## What you are asked to do
The output should hold exactly, and only, the lines from the line bearing "20.21 Master Schedule" through the last line of the listing below, and no pictures.

## Data section
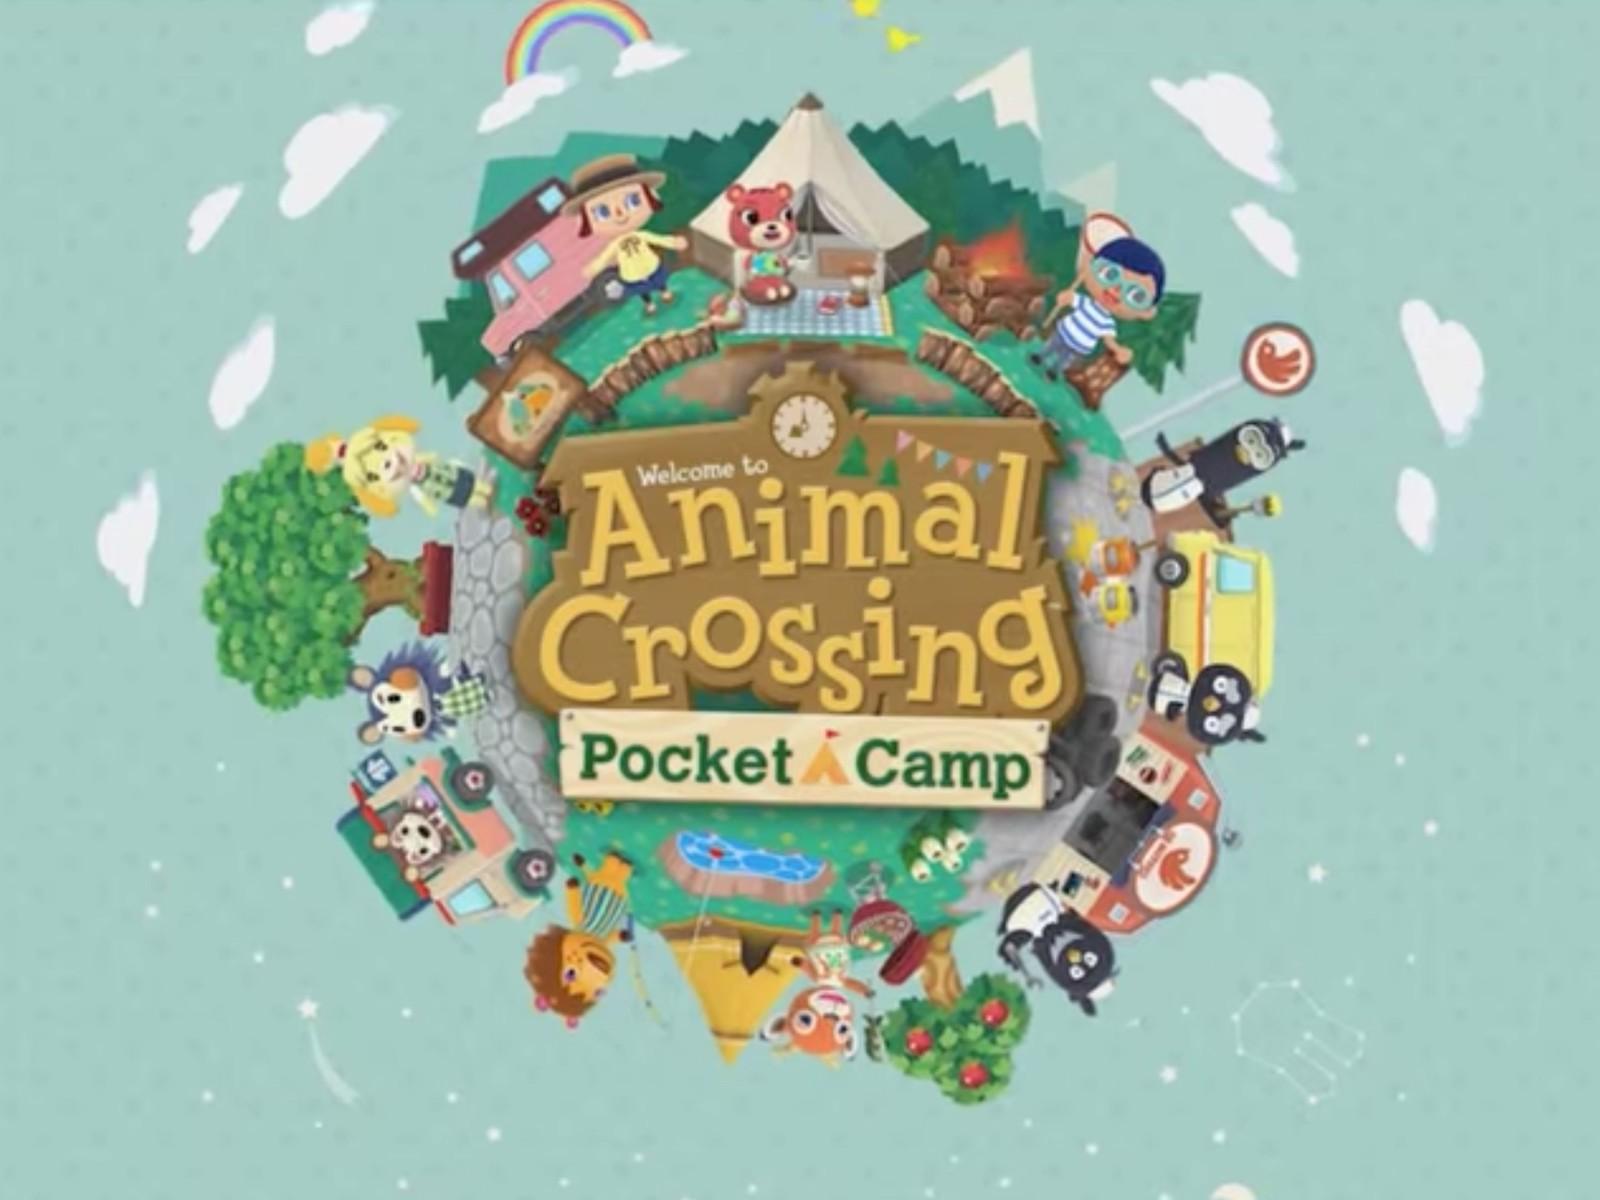 Animal-Crossing-Pocket-Camp_0.jpg
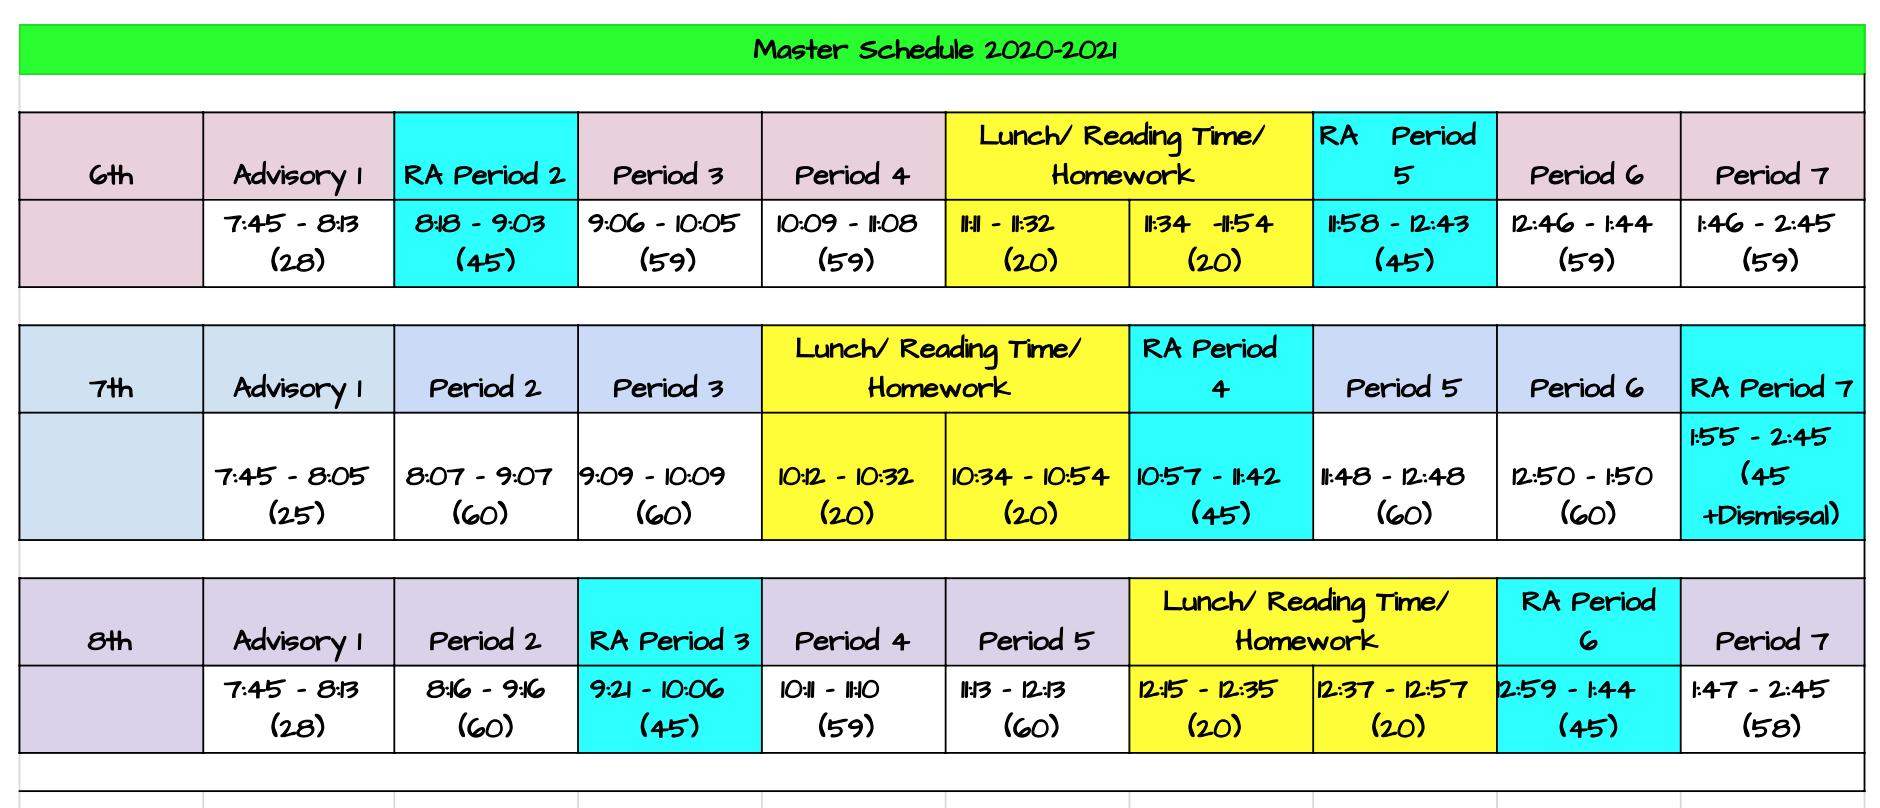 20.21 Master Schedule
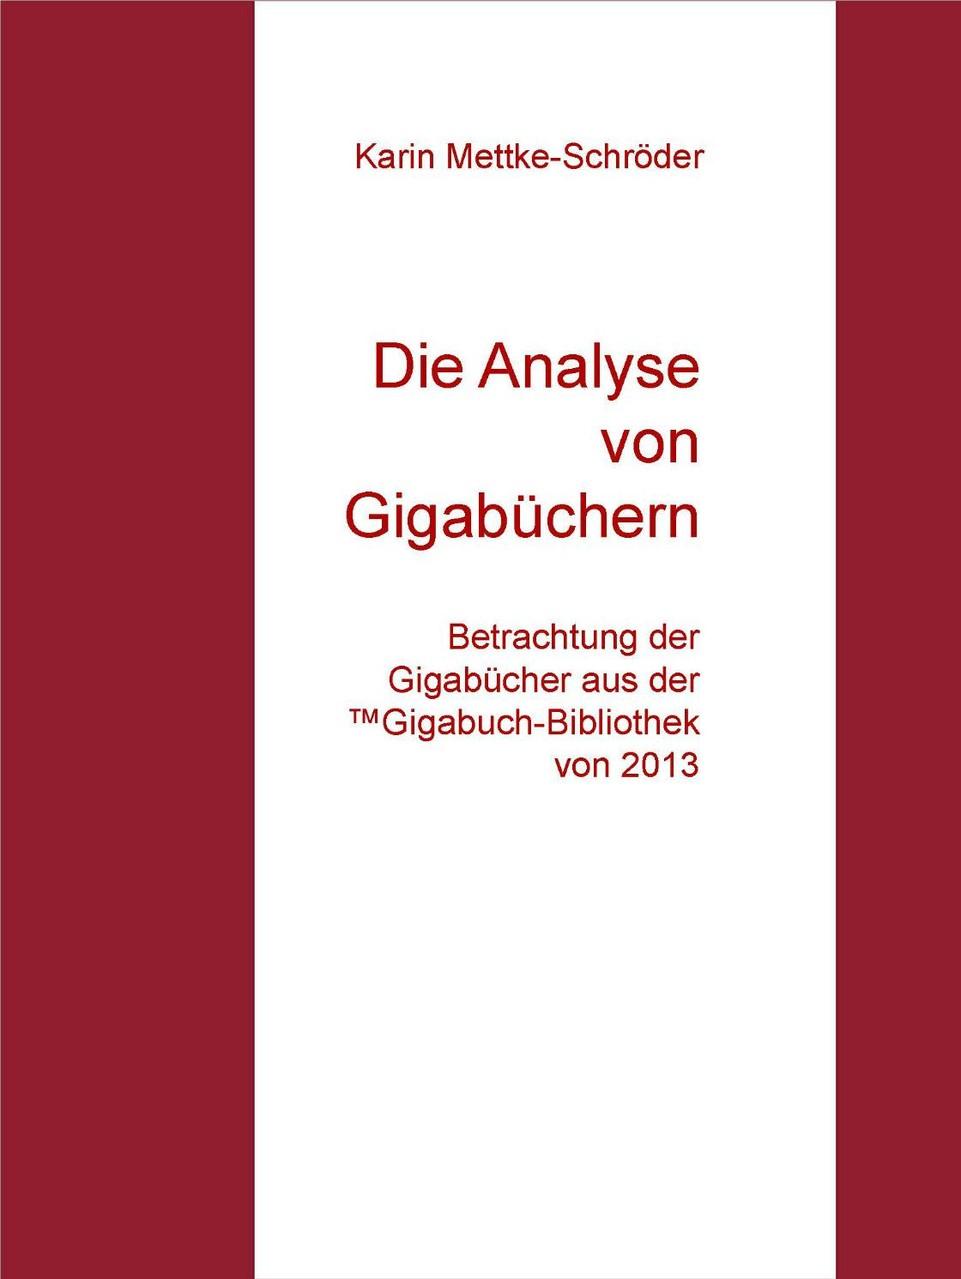 Karin Mettke-Schröder/Die Analyse der Gigabüchern/™Gigabuch Bibliothek 2013/e-Short ISBN 9783734712265
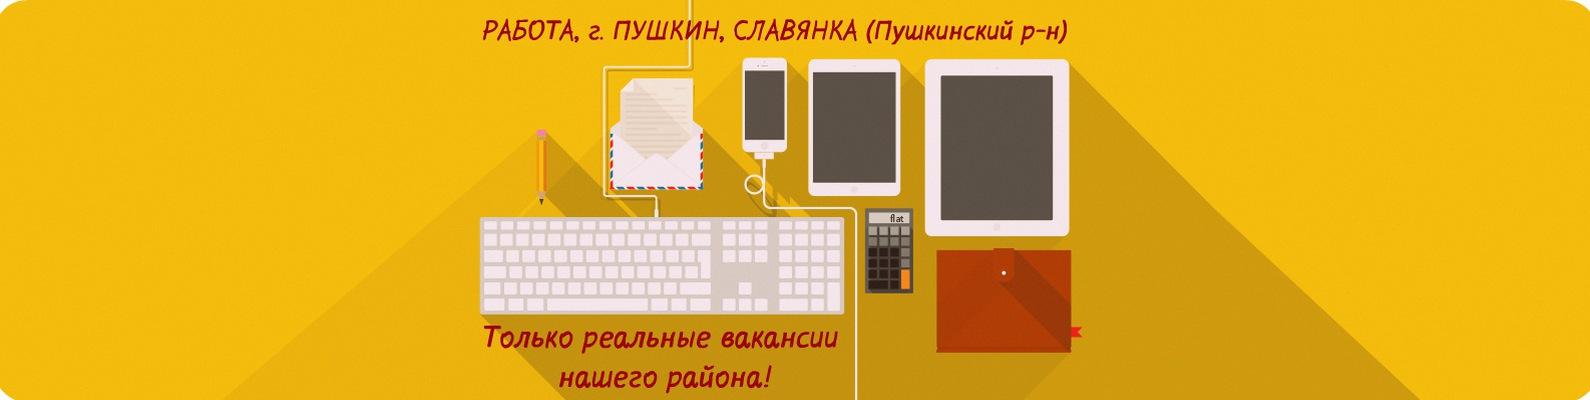 Работа в пушкине свежие вакансии водителя товары работы услуги приобретаться для нужд

## Response to the exercise
 20.21 Master Schedule
 Karin Mettke-Schröder/Die Analyse der Gigabüchern/™Gigabuch Bibliothek 2013/e-Short ISBN 9783734712265
 Работа в пушкине свежие вакансии водителя товары работы услуги приобретаться для нужд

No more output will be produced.